OT: Juno ... please read

2001-03-01 by André Engelhardt

Hello logic-ot,

This is an excerpt from an article from the Langalist which
details a disturbing development concerning those Users that have signed
up with Juno and are using their Mailer:

> A lot of people are up in arms, outraged by the new business practices
> described in "Peer-To-Peer's Dark Side" at
> http://www.byte.com/column/BYT20010222S0004 .That article is about
> Juno (the giant ISP) inventing and implementing a new kind of business
> model whereby they can take over their customers' CPUs in an
> aggressive and stealthy manner (using a kind of "peer to peer," or
> "P2P" technology), and sell their users's aggregate computing power to
> third parties.

> You might be tempted to blow this off with the thought "Hey, Juno's a
> free ISP, and people who use it deserve what they get."

> Or you might say: "I don't use Juno.

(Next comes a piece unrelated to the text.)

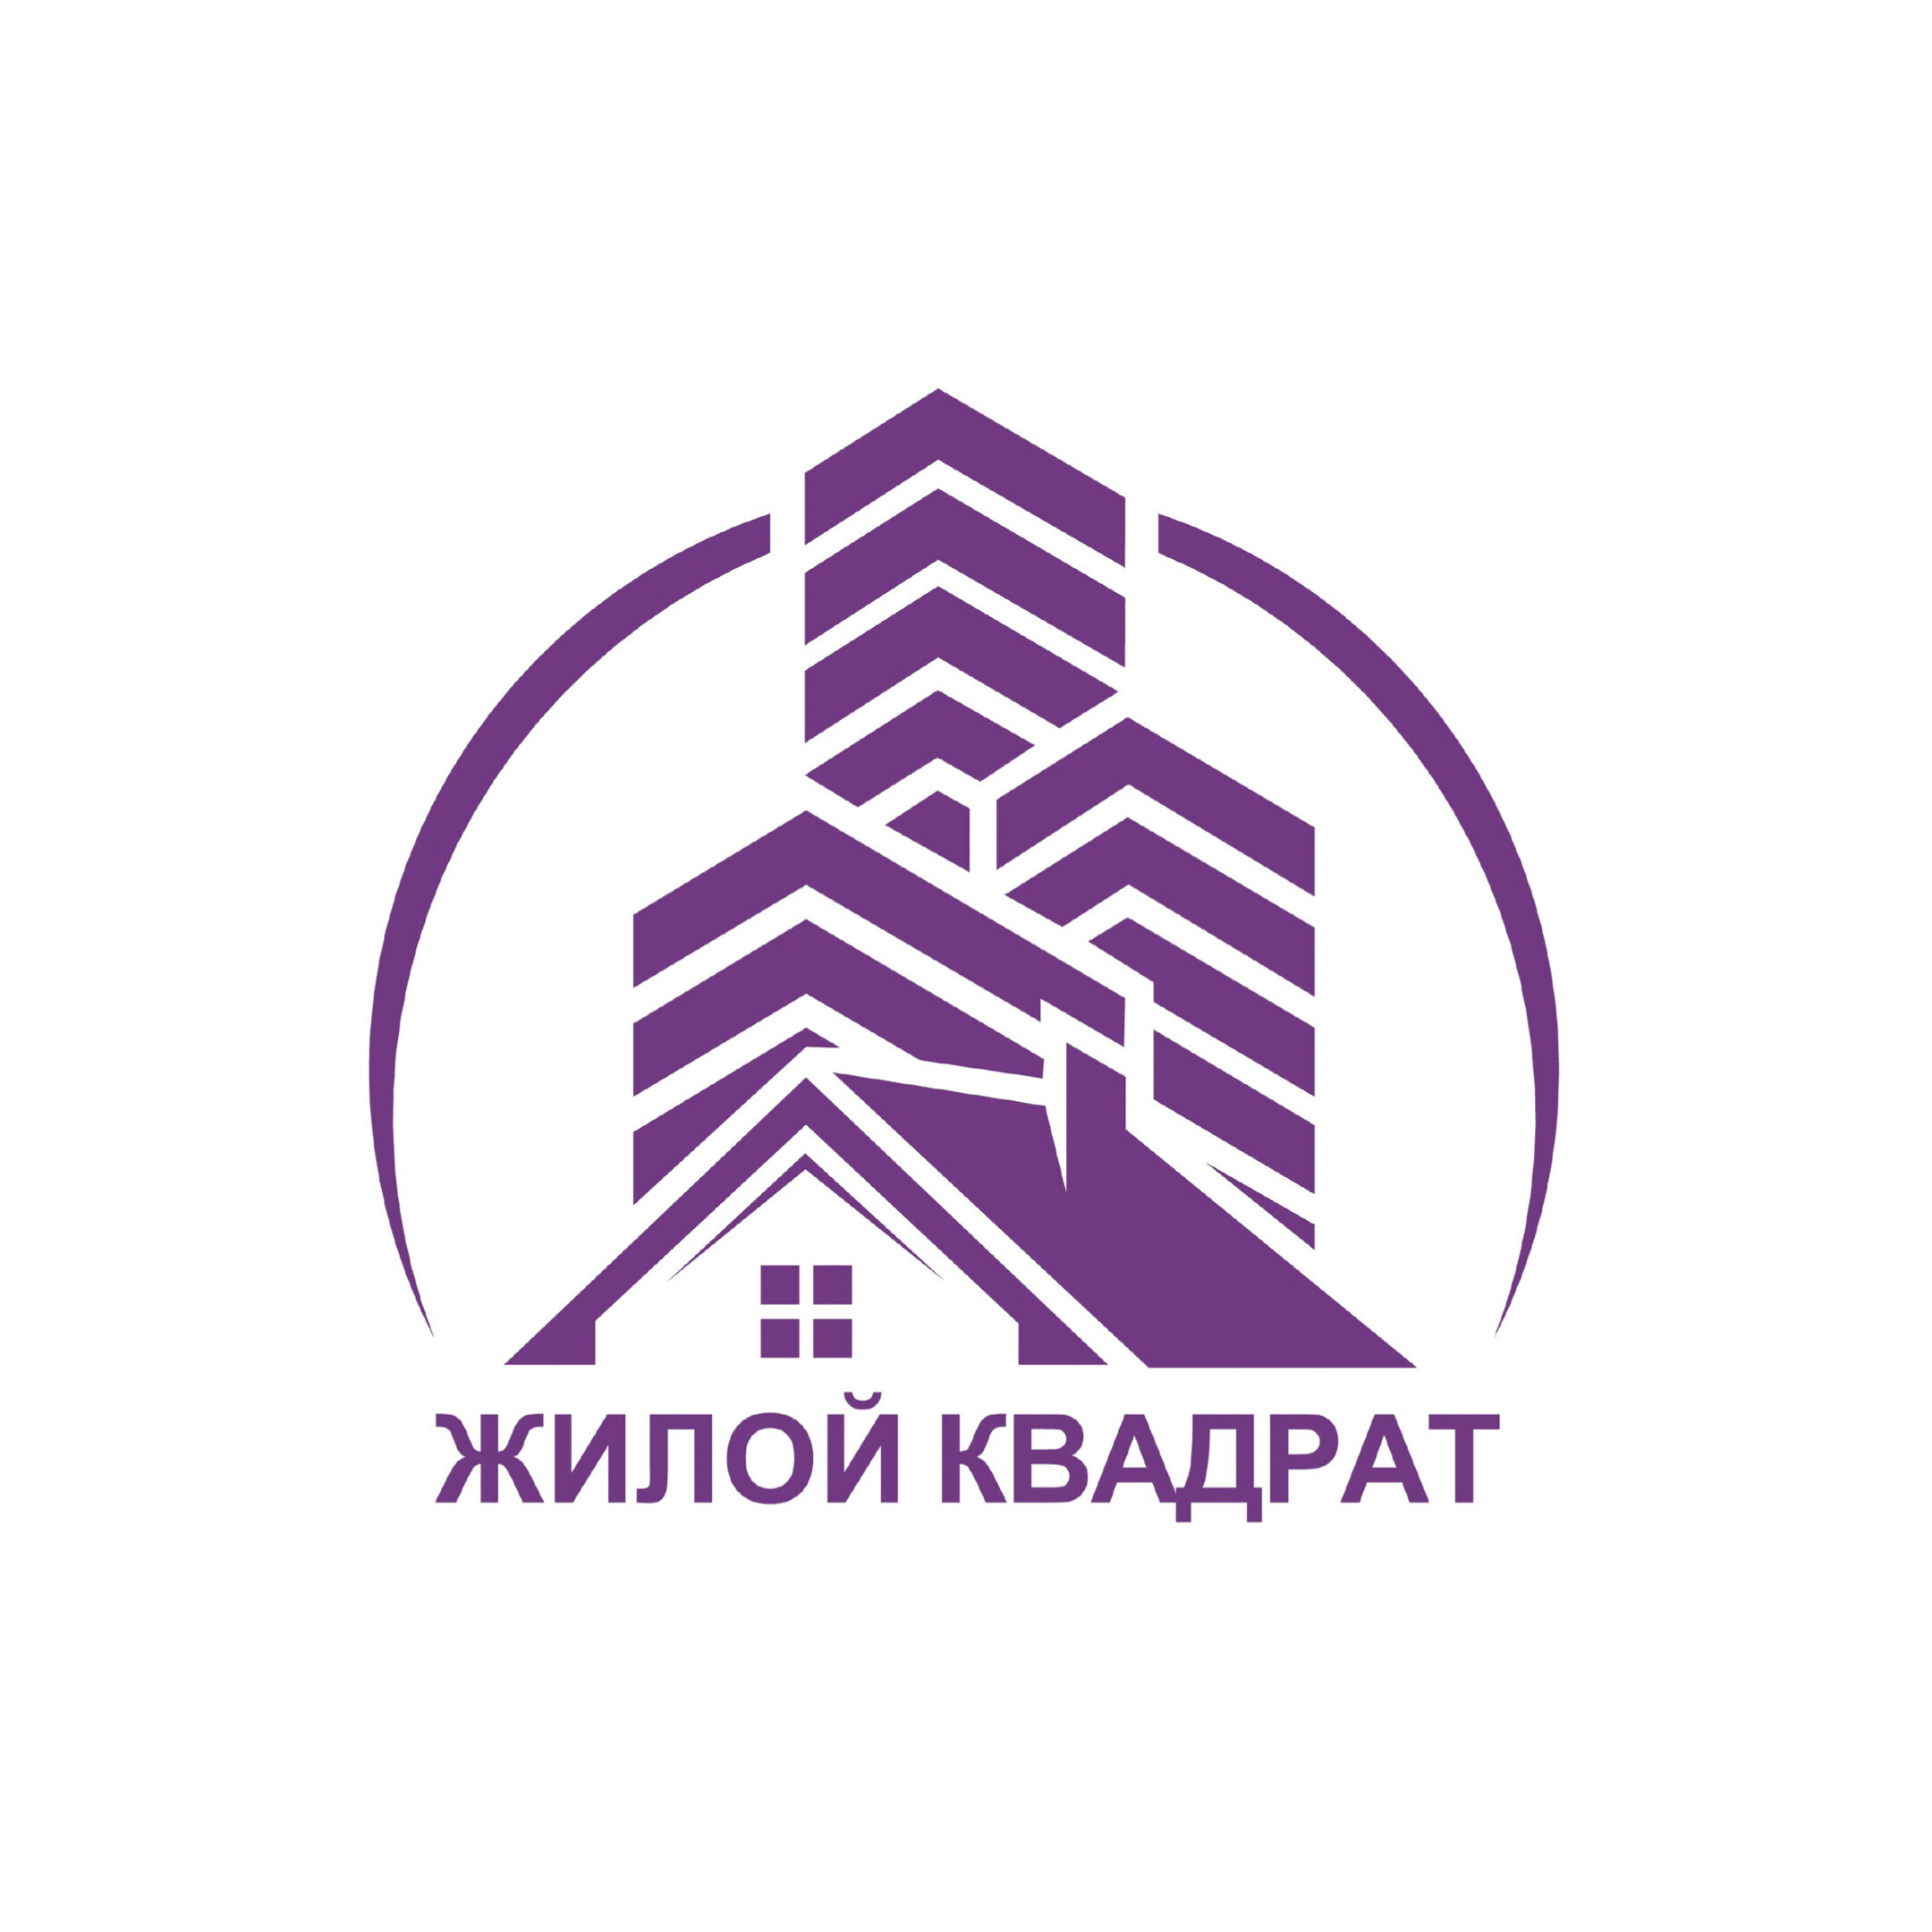 Жилой Квадрат - business profile of the company on lalafo.kg in Кыргызстан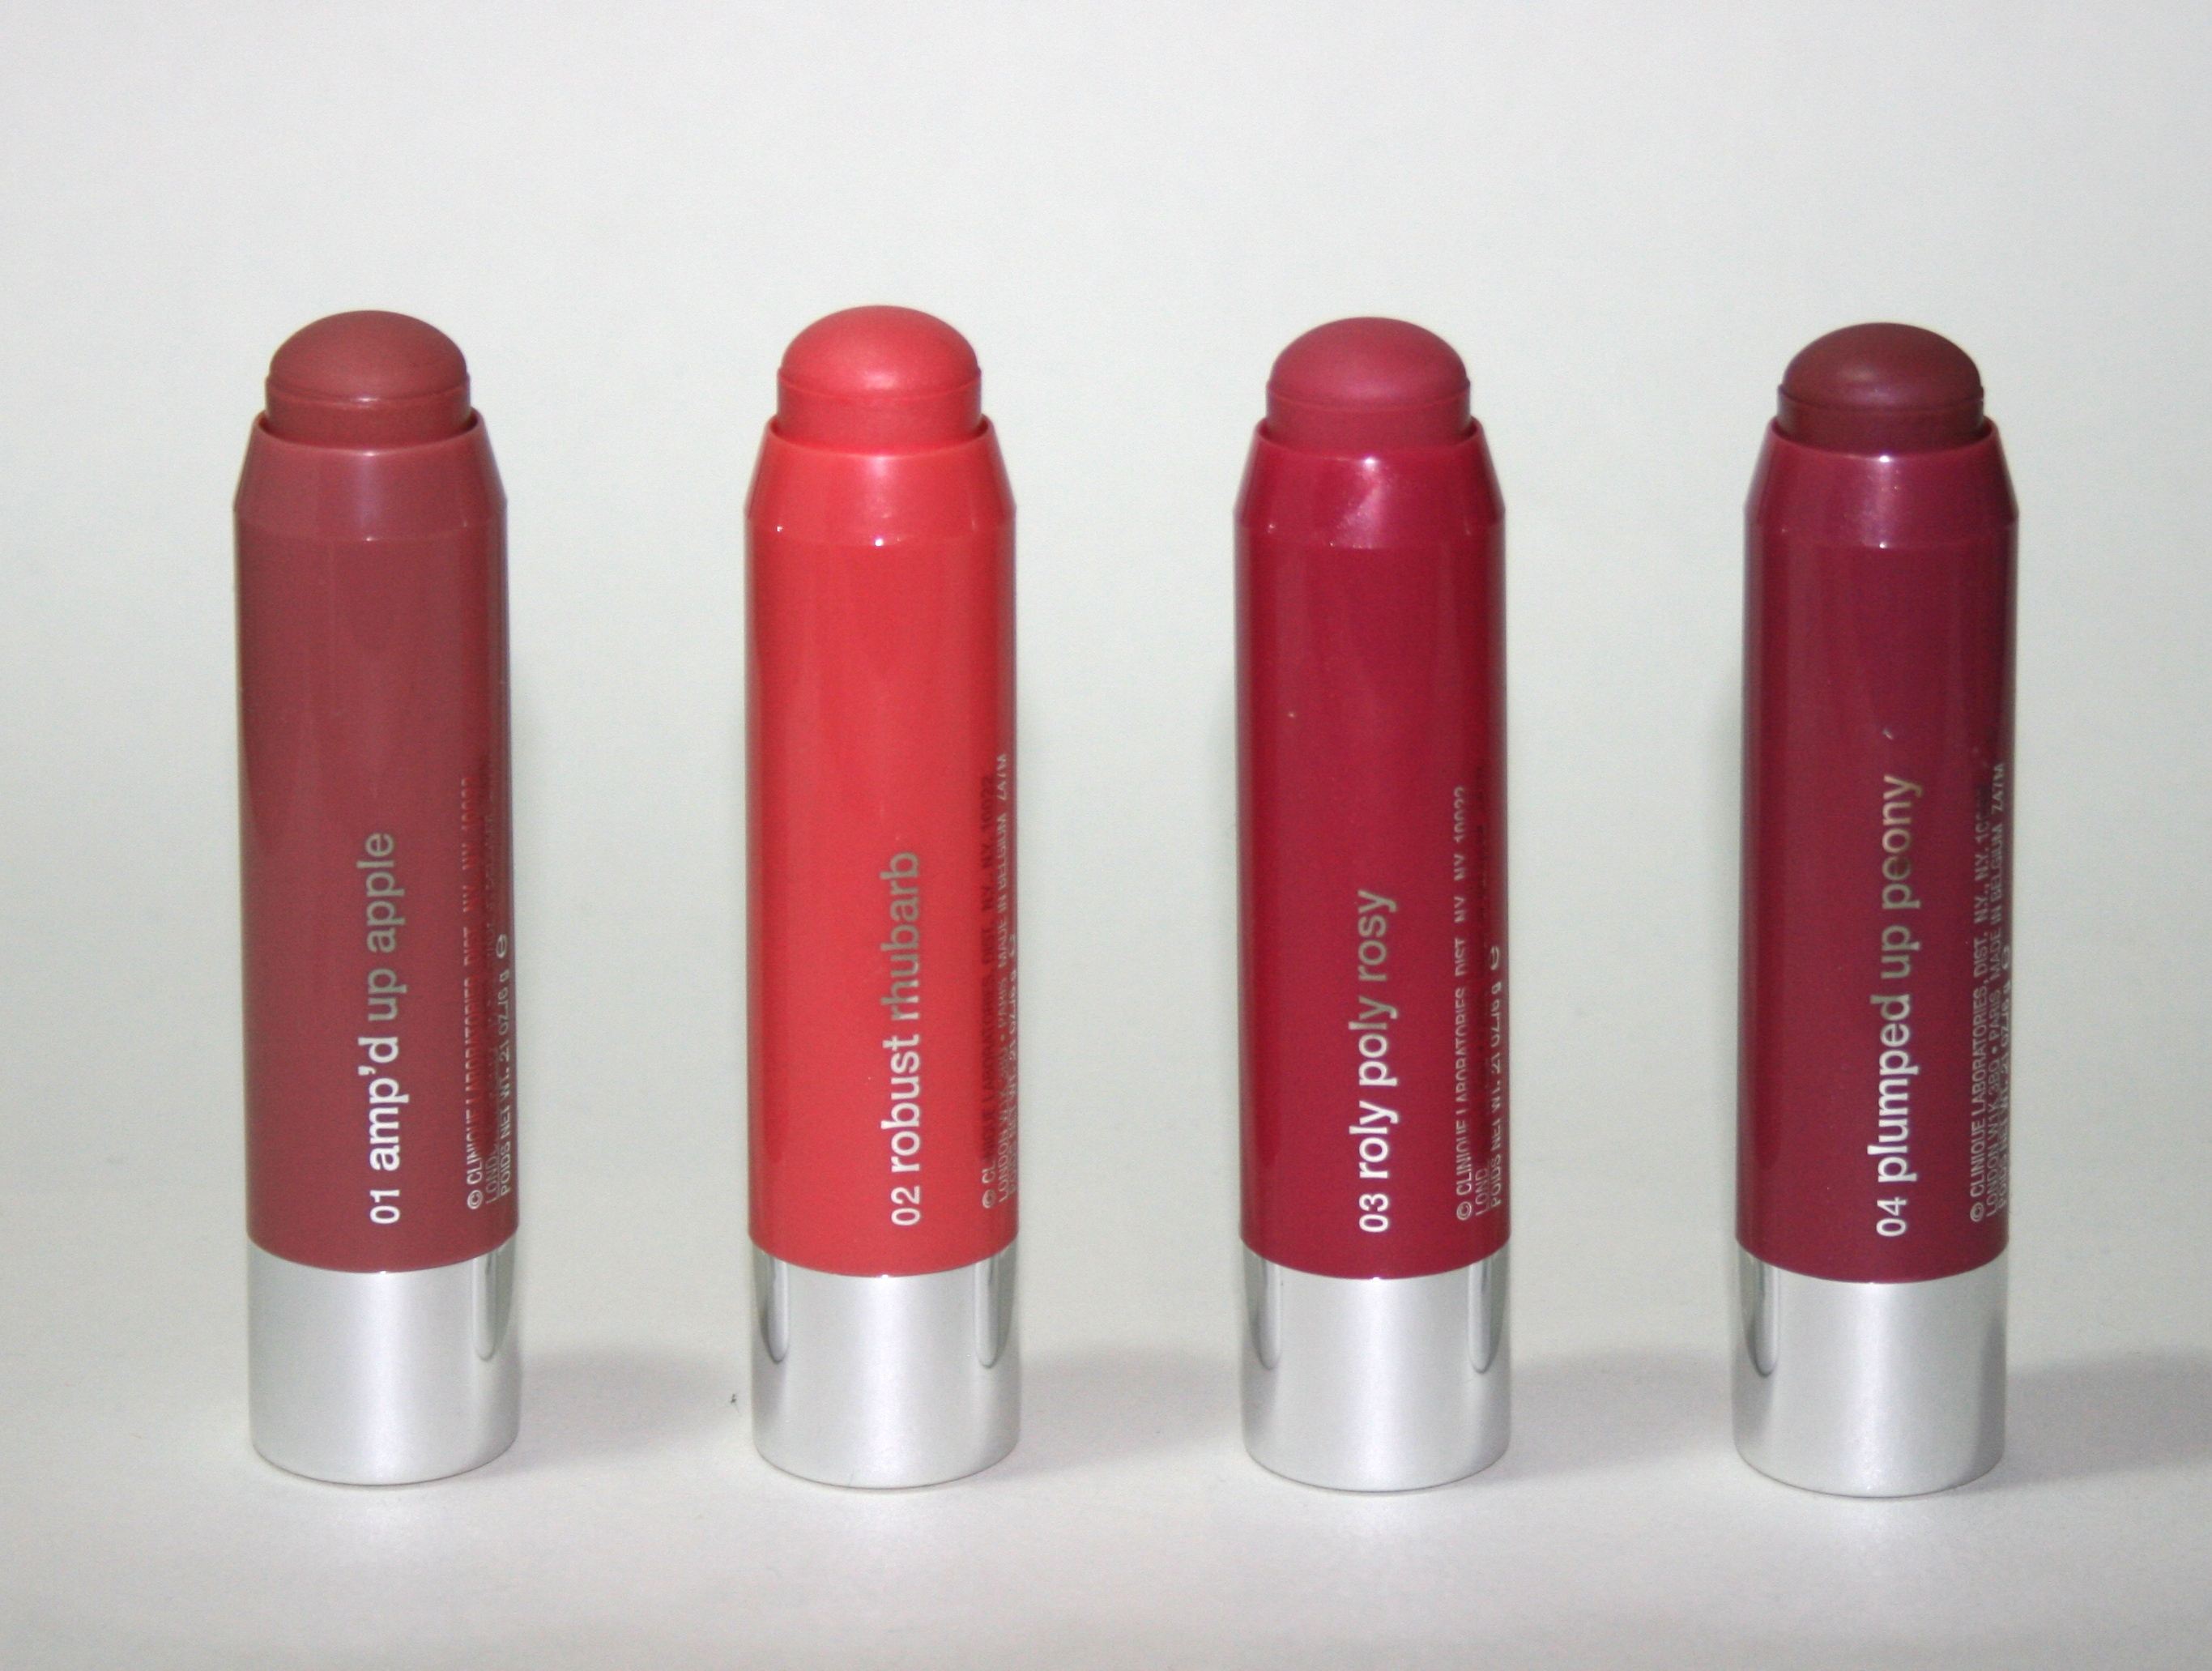 Amazoncom: clinique chubby stick lipstick

Why does this affect me?"

> Here's why: Think about how many software updates you routinely
> install over the course of a year. Worse, think of the auto-updaters
> you probably use for your OS, your office suite, your anti-virus
> definitions. It would be incredibly simple for ANY software vendor to
> add a Juno-like P2P component into its next update download. The
> thinking might go like this: "Let's see. If we slip a P2P component
> into our next software update, adjust our Terms of Service to make
> it--- like Juno's--- all retroactively mandatory, legal and risk-free
> for us, then we can build a distributed supercomputing network at our
> customers' risk and expense."

> And you might not even know that P2P software had been installed on
> your system ... until your system maintenance no longer worked
> (because there were no idle times when it would kick in); or when your
> or your business' own P2P projects got derailed because something else
> was already sopping up all the spare CPU cycles. Then there's the
> extra wear and tear on the system, the electricity consumed by systems
> that never go into sleep mode. ... Well, you get the idea.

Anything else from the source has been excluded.